(Information)
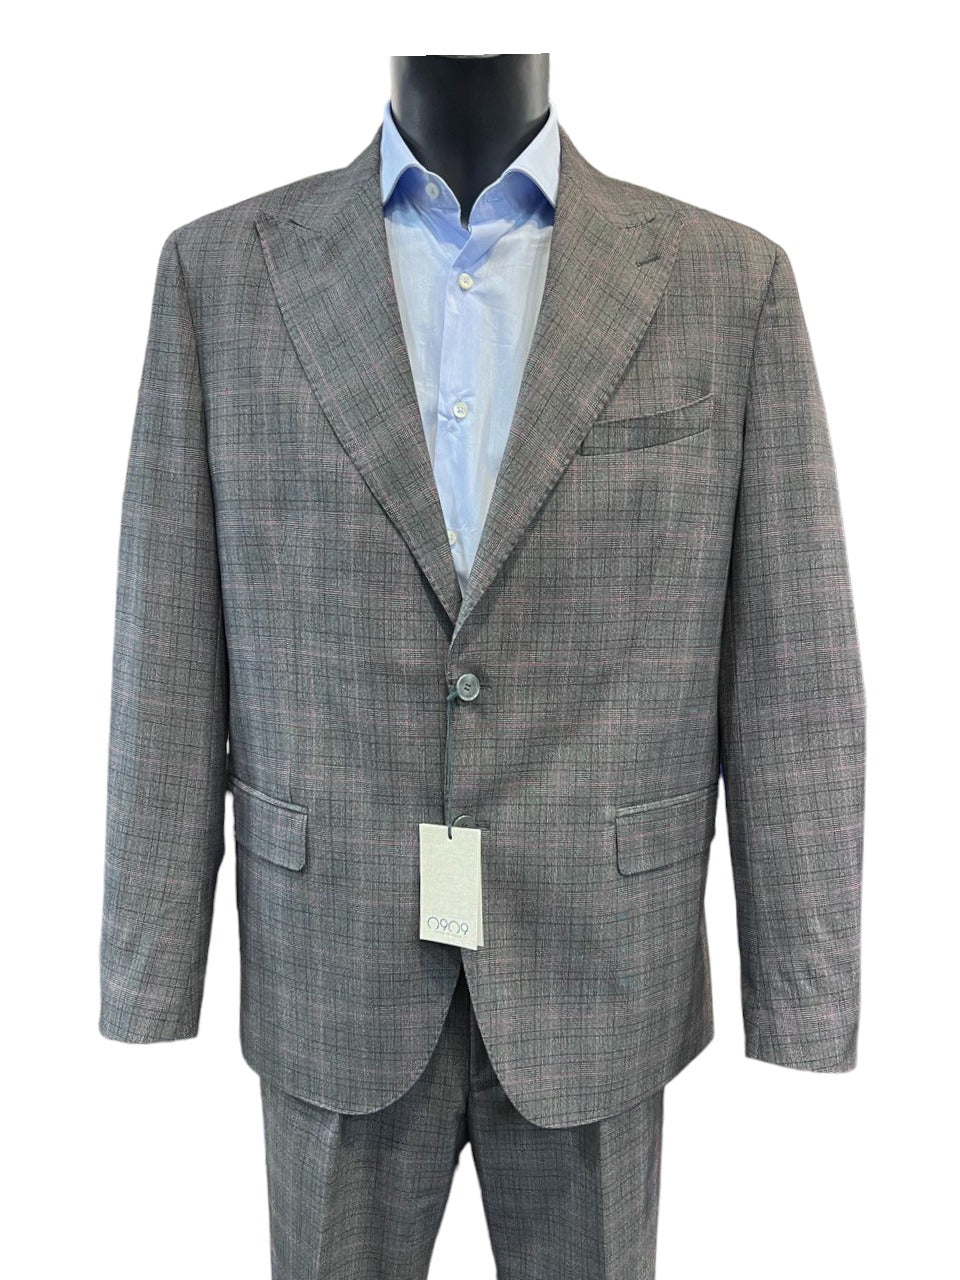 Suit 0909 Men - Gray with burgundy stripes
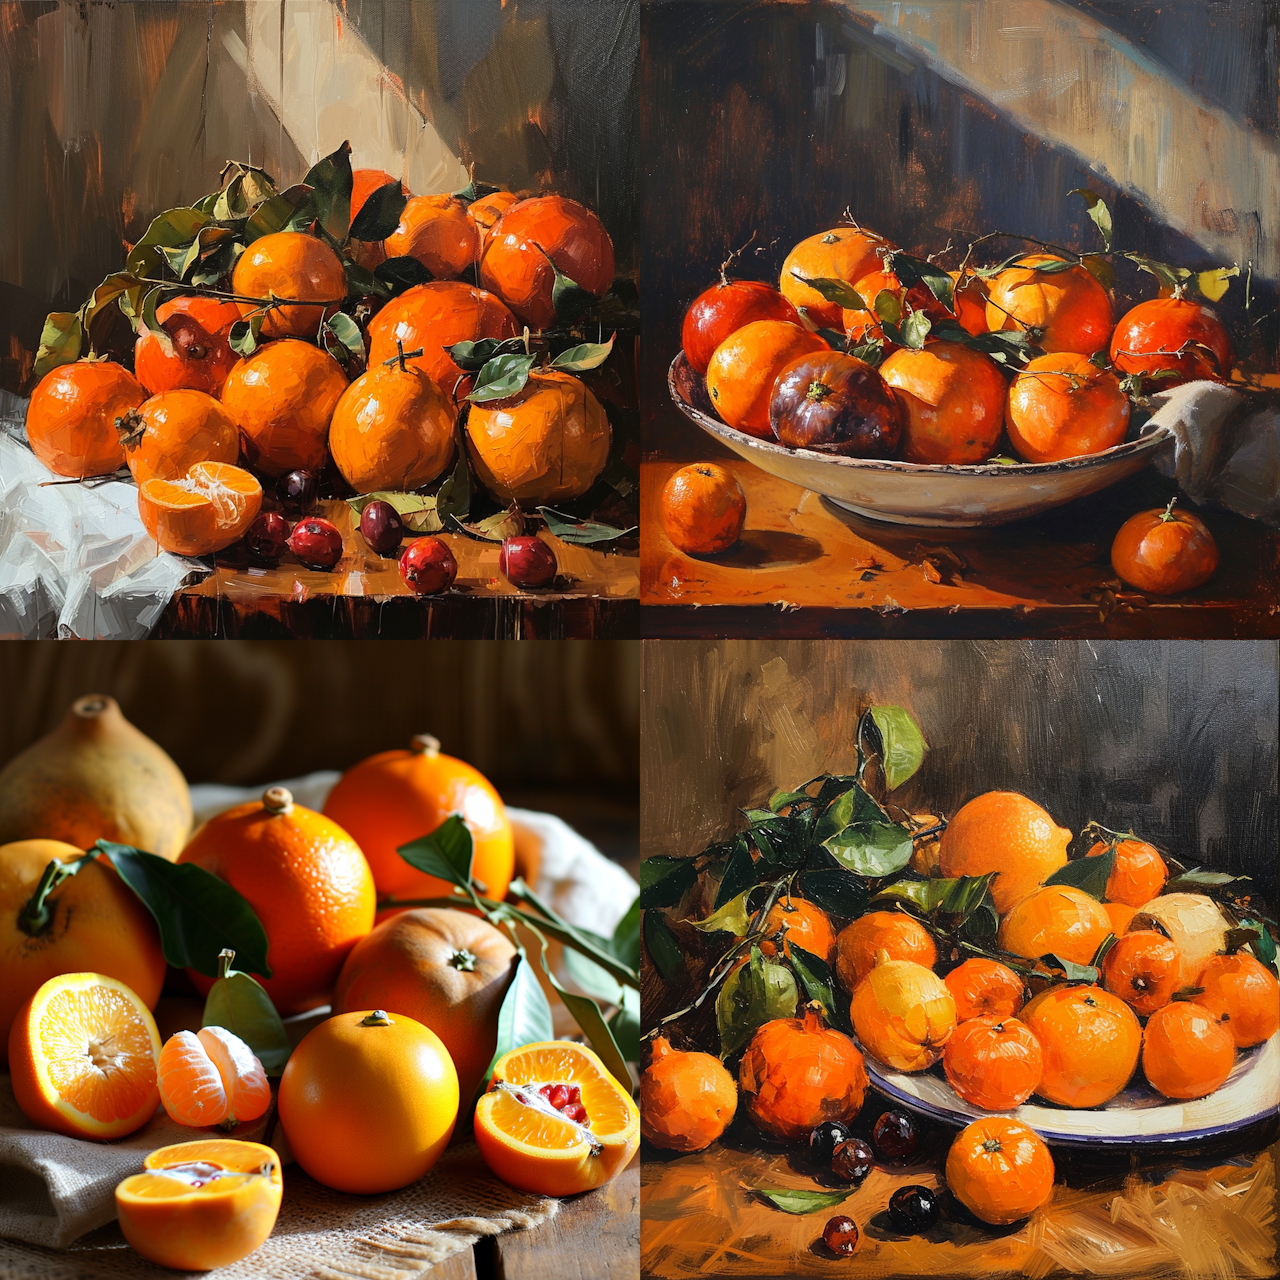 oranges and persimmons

...

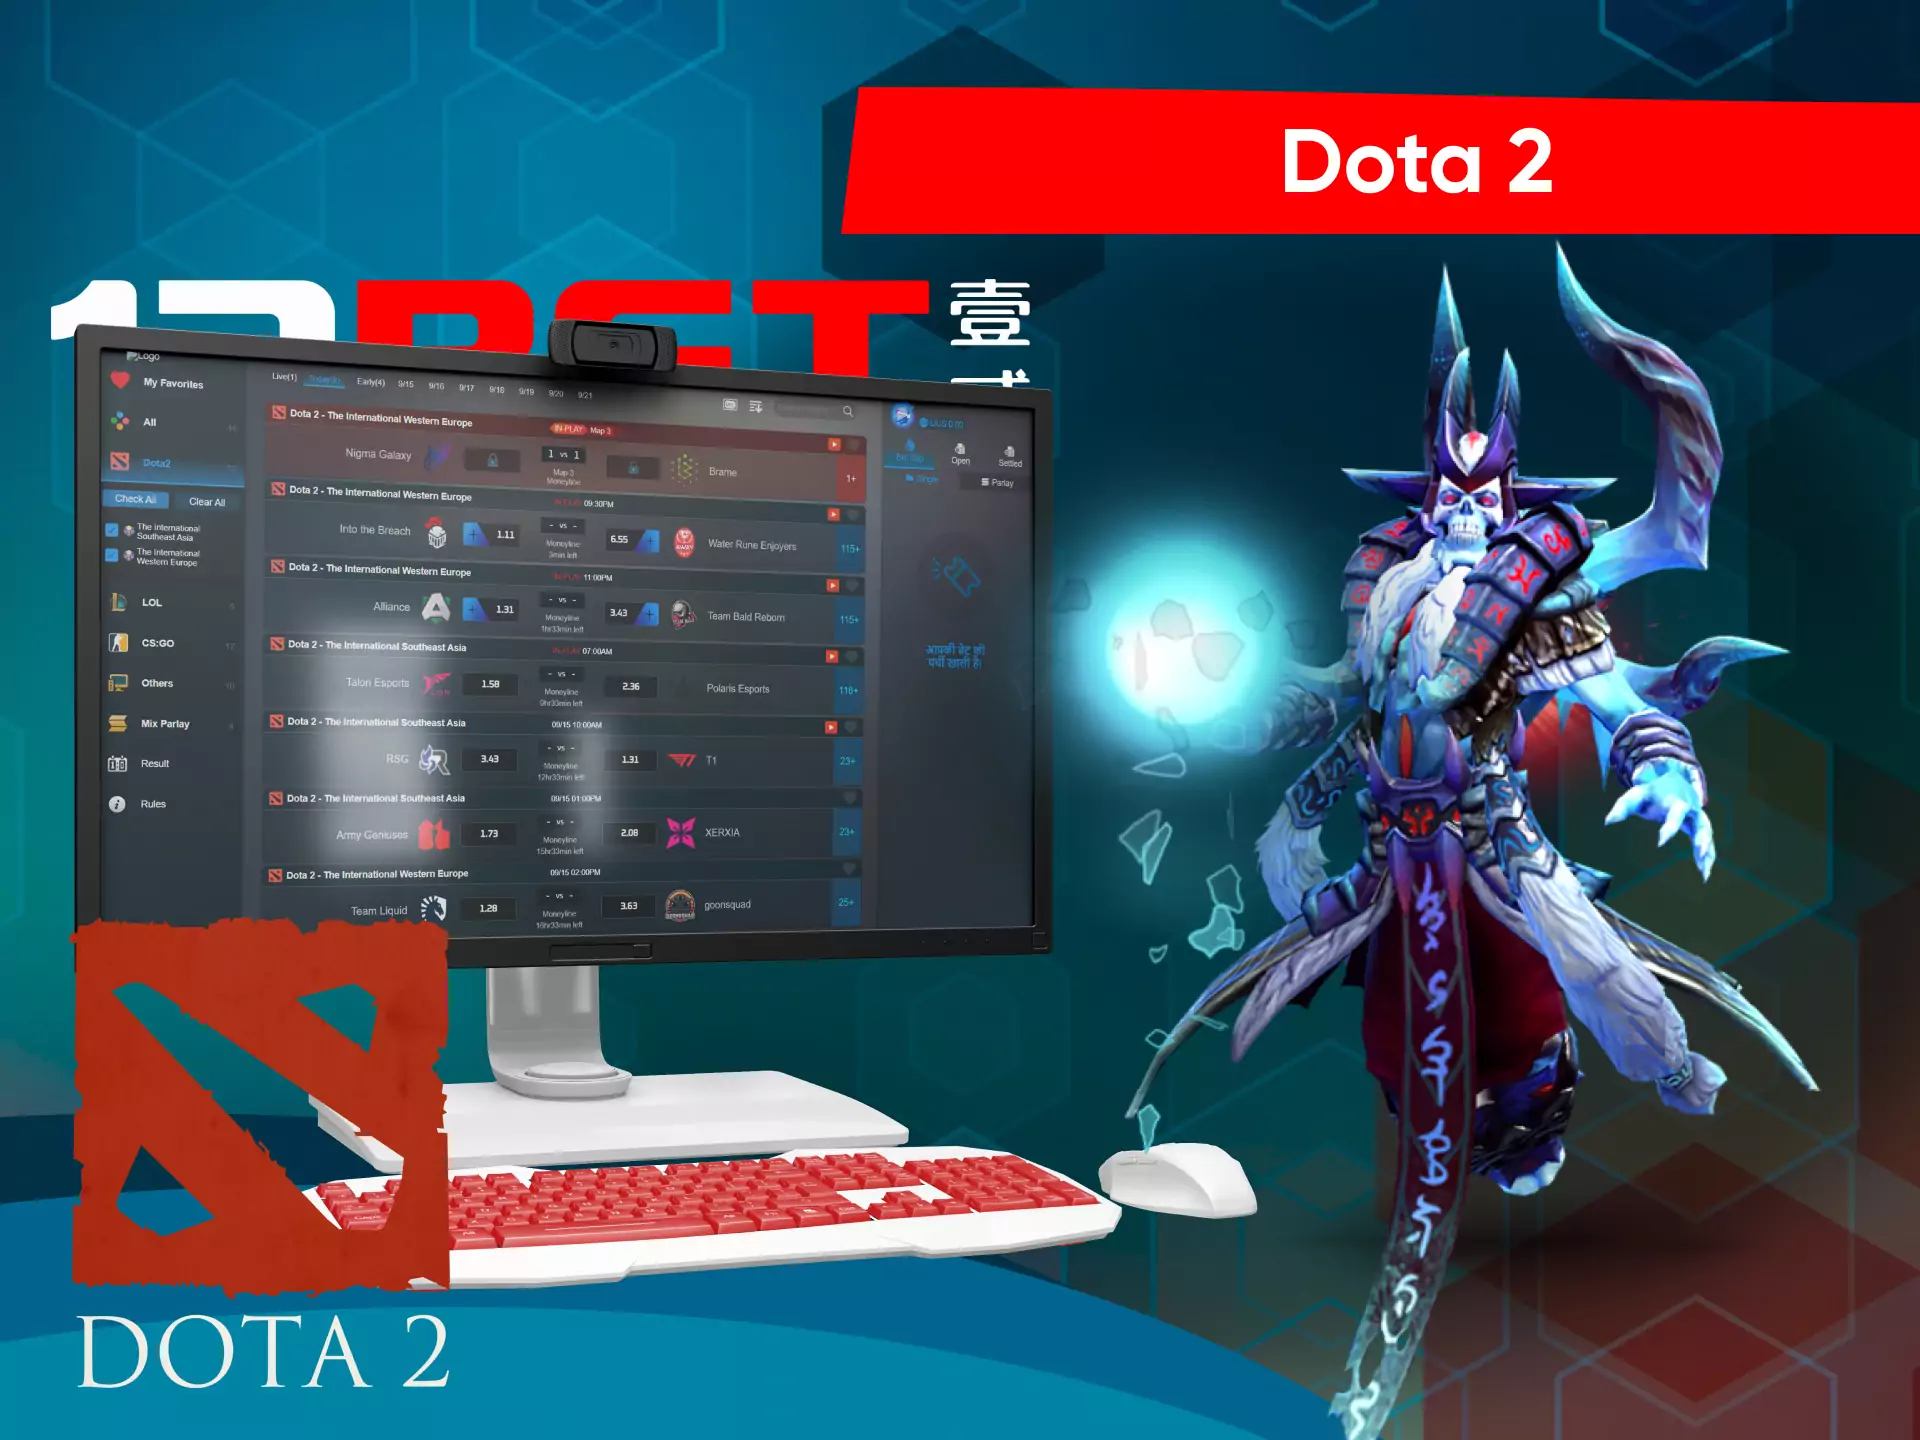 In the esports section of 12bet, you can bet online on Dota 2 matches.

(Work instructions)
Where a picture appears in the records above, omit it, and transcribe exactly the stretch of lines from the one with "Suit 0909 Men - Gray with burgundy stripes" through the one with "oranges and persimmons".

(Output of the task)
 Suit 0909 Men - Gray with burgundy stripes
 oranges and persimmons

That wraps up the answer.